The Hatton Solar Farm scheme will represent an important contribution to meeting the UK's legally binding target under the Climate Change Act 2008 to achieve 'net zero' carbon emissions by 2050. To meet this target, the UK Government continues its support for the development of renewable energy projects in the United Kingdom. Increasing renewable energy projects in the UK will contribute to energy security, ensuring the nation’s growing economic development and energy demands are met. Diversifying the current UK energy mix ensures that the nations’ demand is met with low prices. According to the UK Government, in 2019, UK emissions were 42 per cent lower than in 1990, while our economy over the same period grew by 72 per cent. This means we can achieve economic development without contributing to climate change by supporting renewable energy projects.
Hatton Solar Farm will generate circa 70 GWh per annum from a renewable energy source, this is equivalent to displacing approximately 12,500 tonnes of CO2 from the atmosphere every year.

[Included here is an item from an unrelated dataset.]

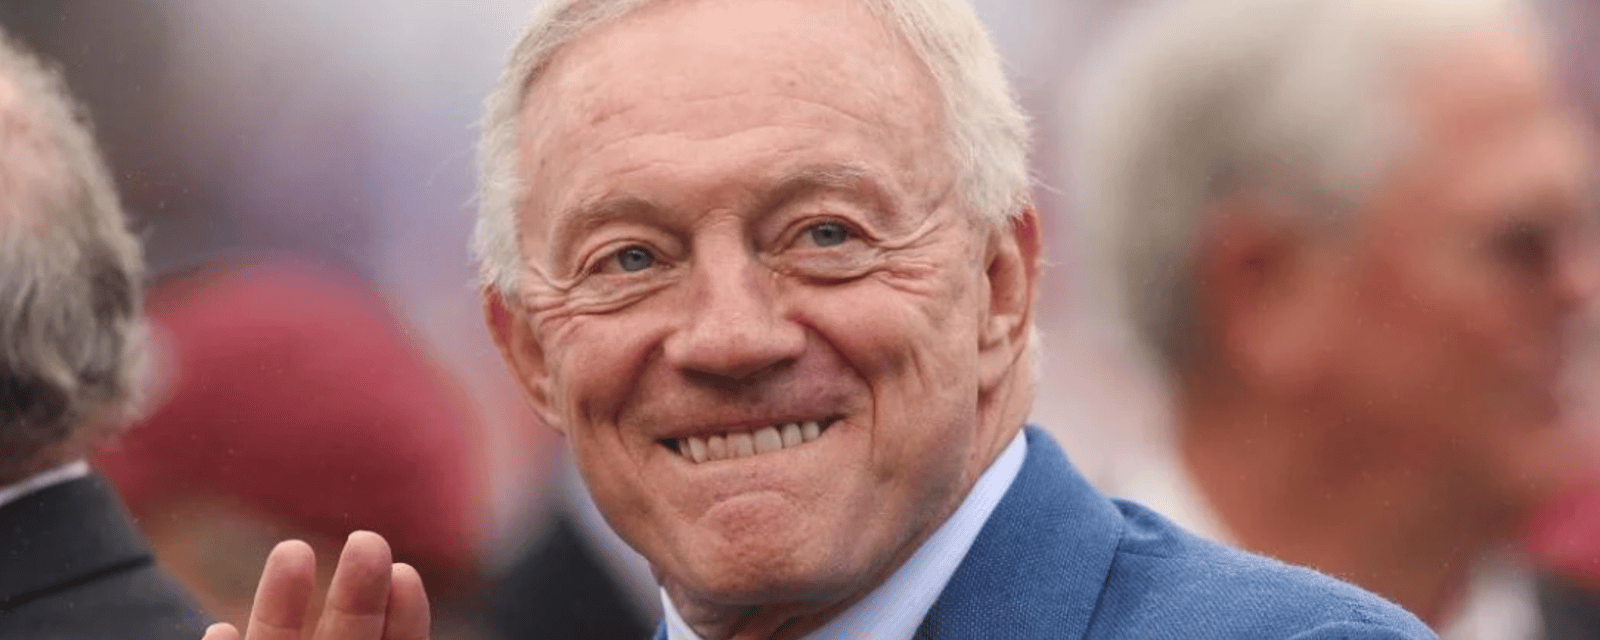 JUST IN: Jerry Jones to sell the Cowboys!

This is the same as removing approximately 2,700 cars off the road for a year. This will influence climate change and as CO2 emissions are reduced air quality in the UK will improve, ensuing our planet is not damaged for future generations. During the lifetime of the project Push aims to have minimal impact on the land, our objective is to enhance the quality of the land and soil as well as contribute to the biodiversity of the site.
- Loss of agricultural land
- Impact of development upon residential amenity
- Impact of the development upon the landscape
- Impact of the Development upon the Significance of Archaeological Sites or other Heritage Assets
- The Effect of the Development upon Ecology
- The Effect of the Development upon Highway Safety or Traffic Capacity
- The Flood Risk of the Proposal
We will take numerous measures to mitigate against any risks associated with the above. To mitigate against surface water run-off on site, we will install trenches at the toe of each solar panel and the panels will be on sloped frames allowing any waters to freely flow beneath. Access and maintenance roads are to be constructed using permeable materials so as to not increase flood risk. To reduce landscaping impact from the surrounding road network and public rights of way, site boundaries will be left to gain a minimum height of 1.5-1.8m, as well as new hedgerows proposed to north-eastern and south-western exposed boundaries. To enhance biodiversity net gain on the site, scrub and scattered trees at the boundaries of the site should be retained with a ~3m buffer zone and enhanced to create corridors and shelter/foraging areas for wildlife including bats, birds, hedgehogs and small mammals.
We have received back the reports from the consultation surveys, as required in the pre-application. Following the public consultation event, we are collating the feedback received to strengthen our proposals, where we aim to submit the full application at the end of March 2022.